● **What you are asked to do**: Exact repetition of a range: find the line containing "Polo Ralph Lauren" and the line containing "Romeo y Julieta Poster.png" in the material below, then repeat both and all lines between them, leaving pictures out.

● **Information shown**:
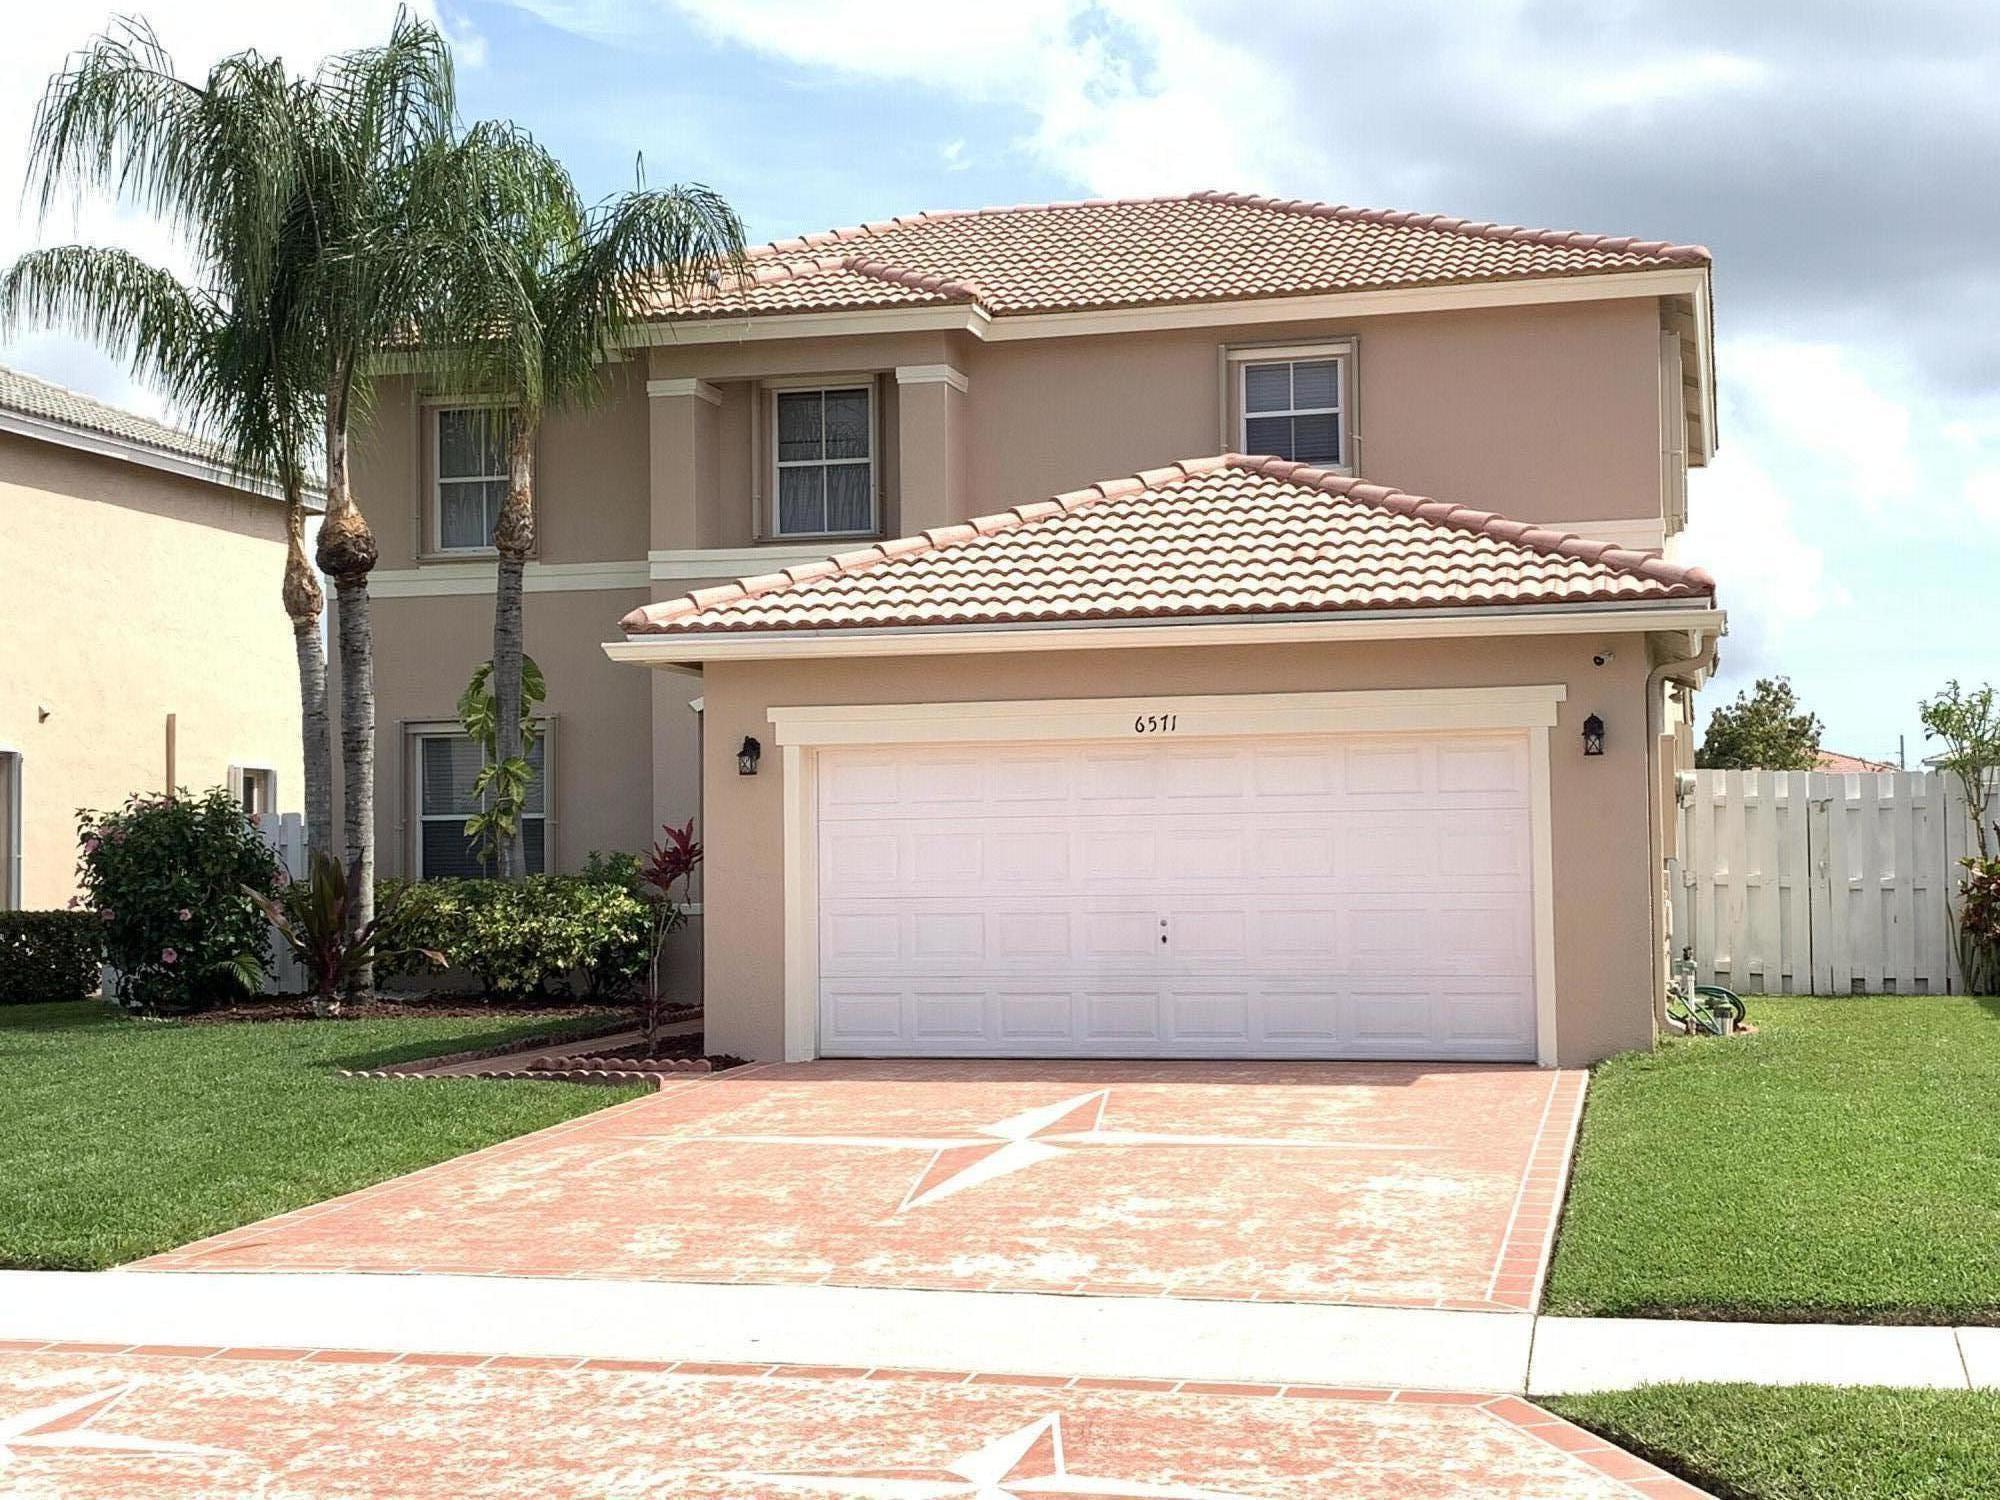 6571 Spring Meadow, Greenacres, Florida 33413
...
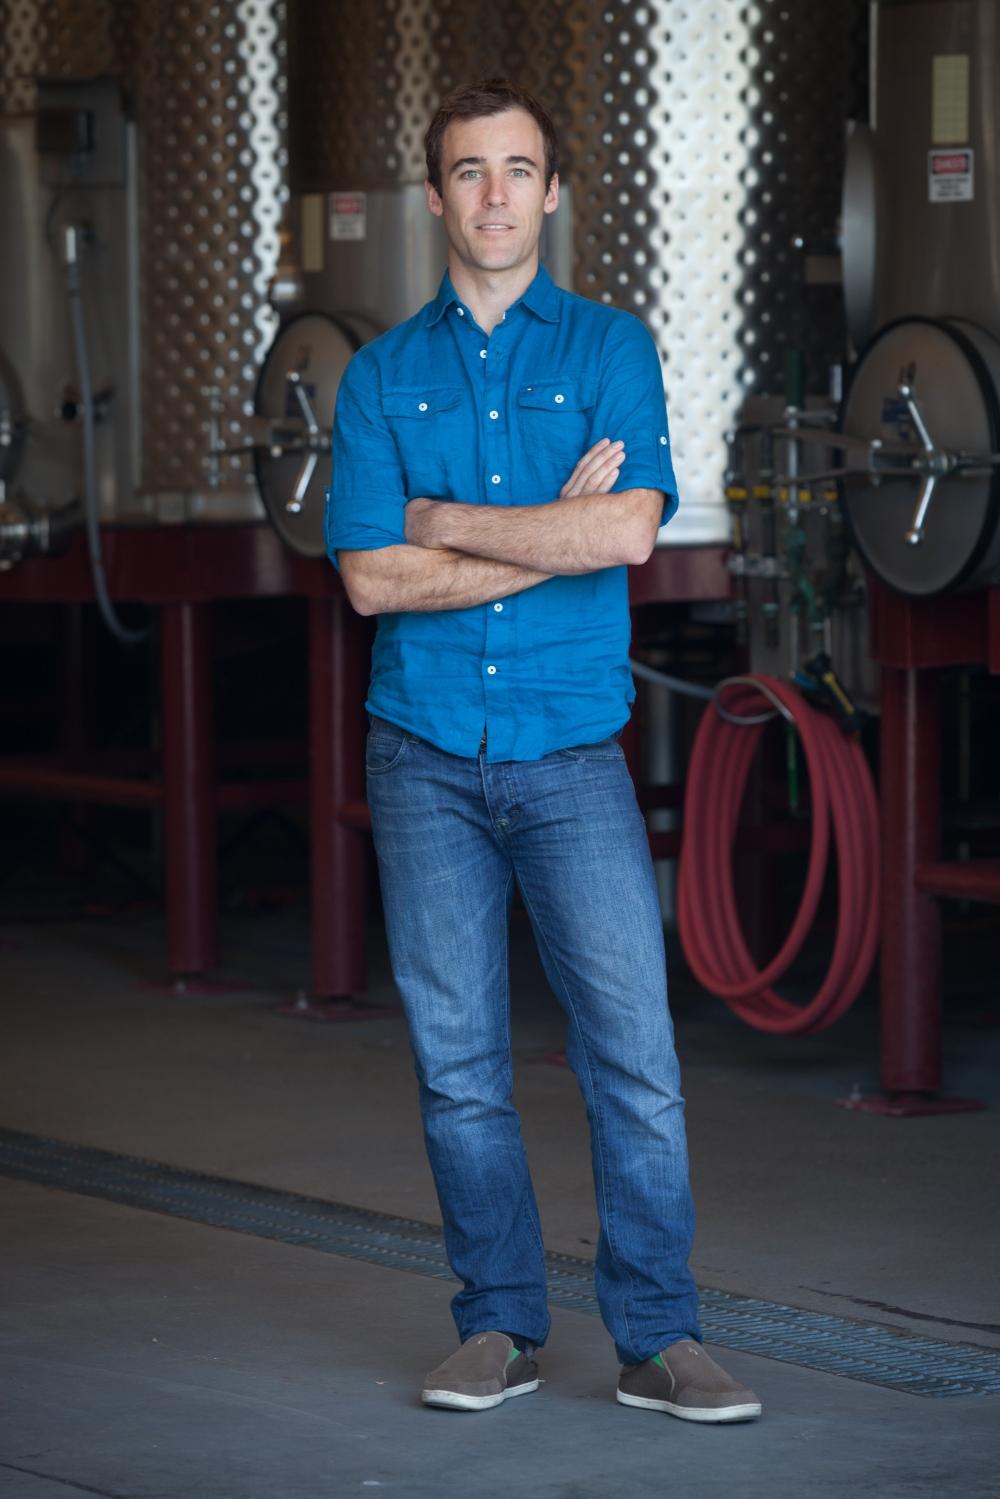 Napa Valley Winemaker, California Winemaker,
* * *
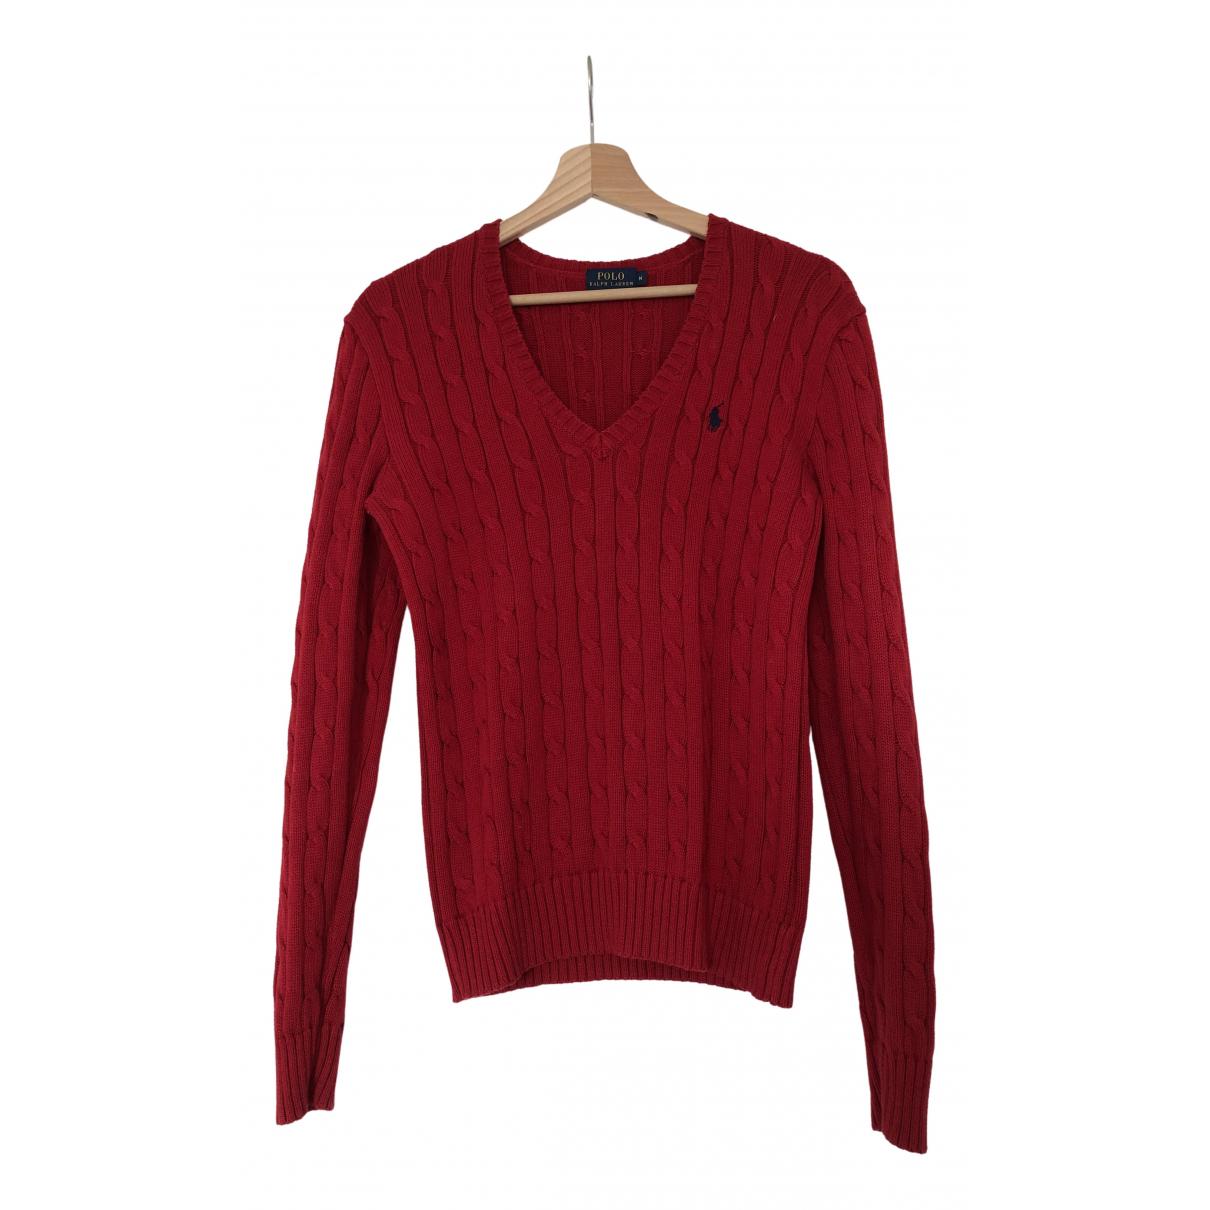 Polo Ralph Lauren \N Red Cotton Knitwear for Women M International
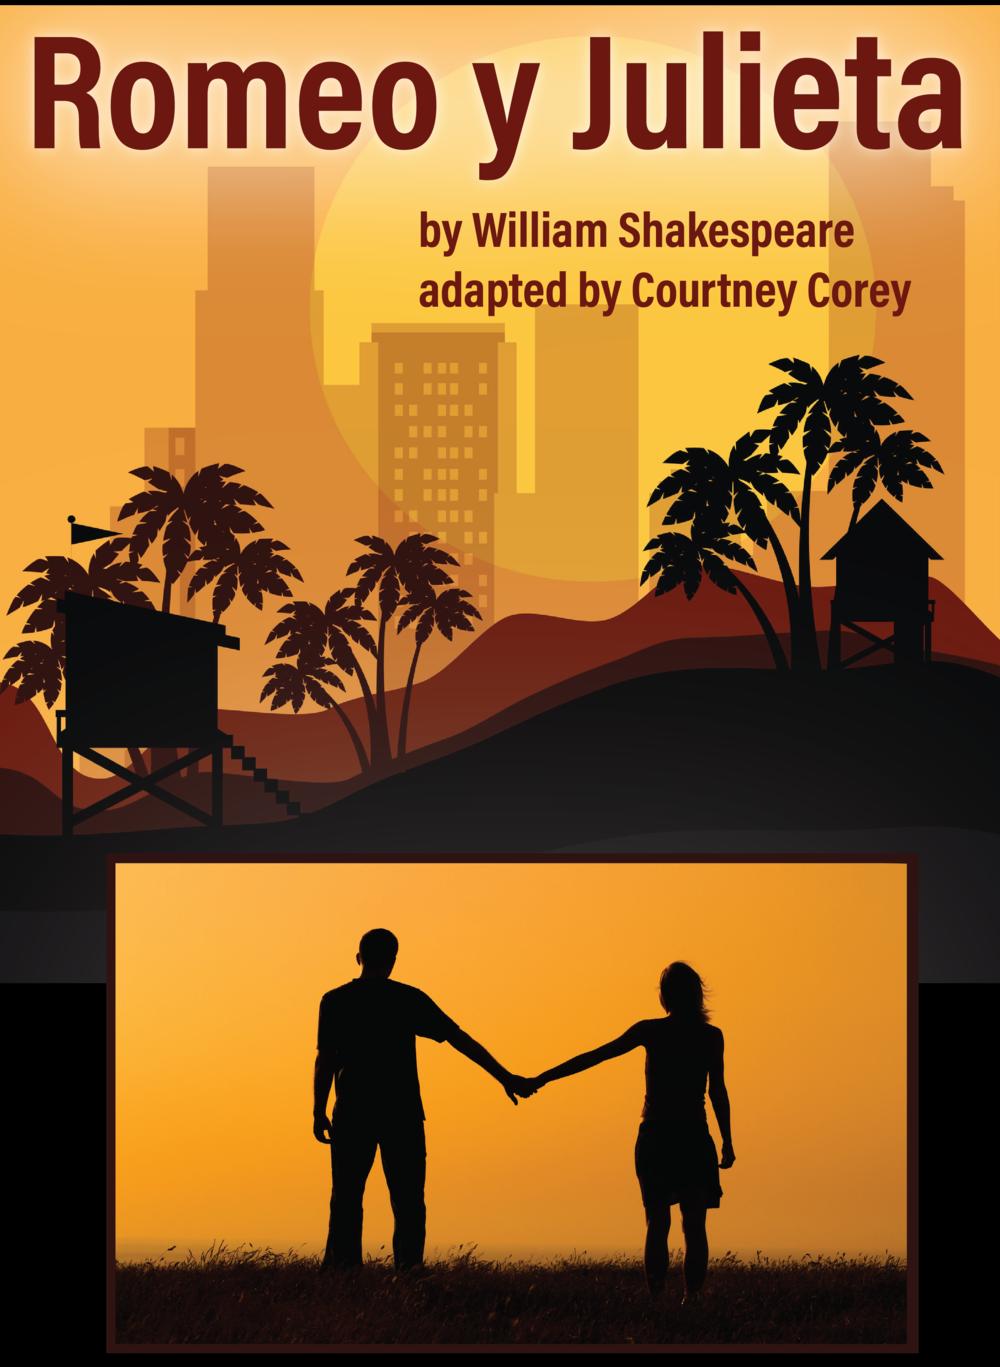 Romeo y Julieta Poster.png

● **Written reply**:
 Polo Ralph Lauren \N Red Cotton Knitwear for Women M International
 Romeo y Julieta Poster.png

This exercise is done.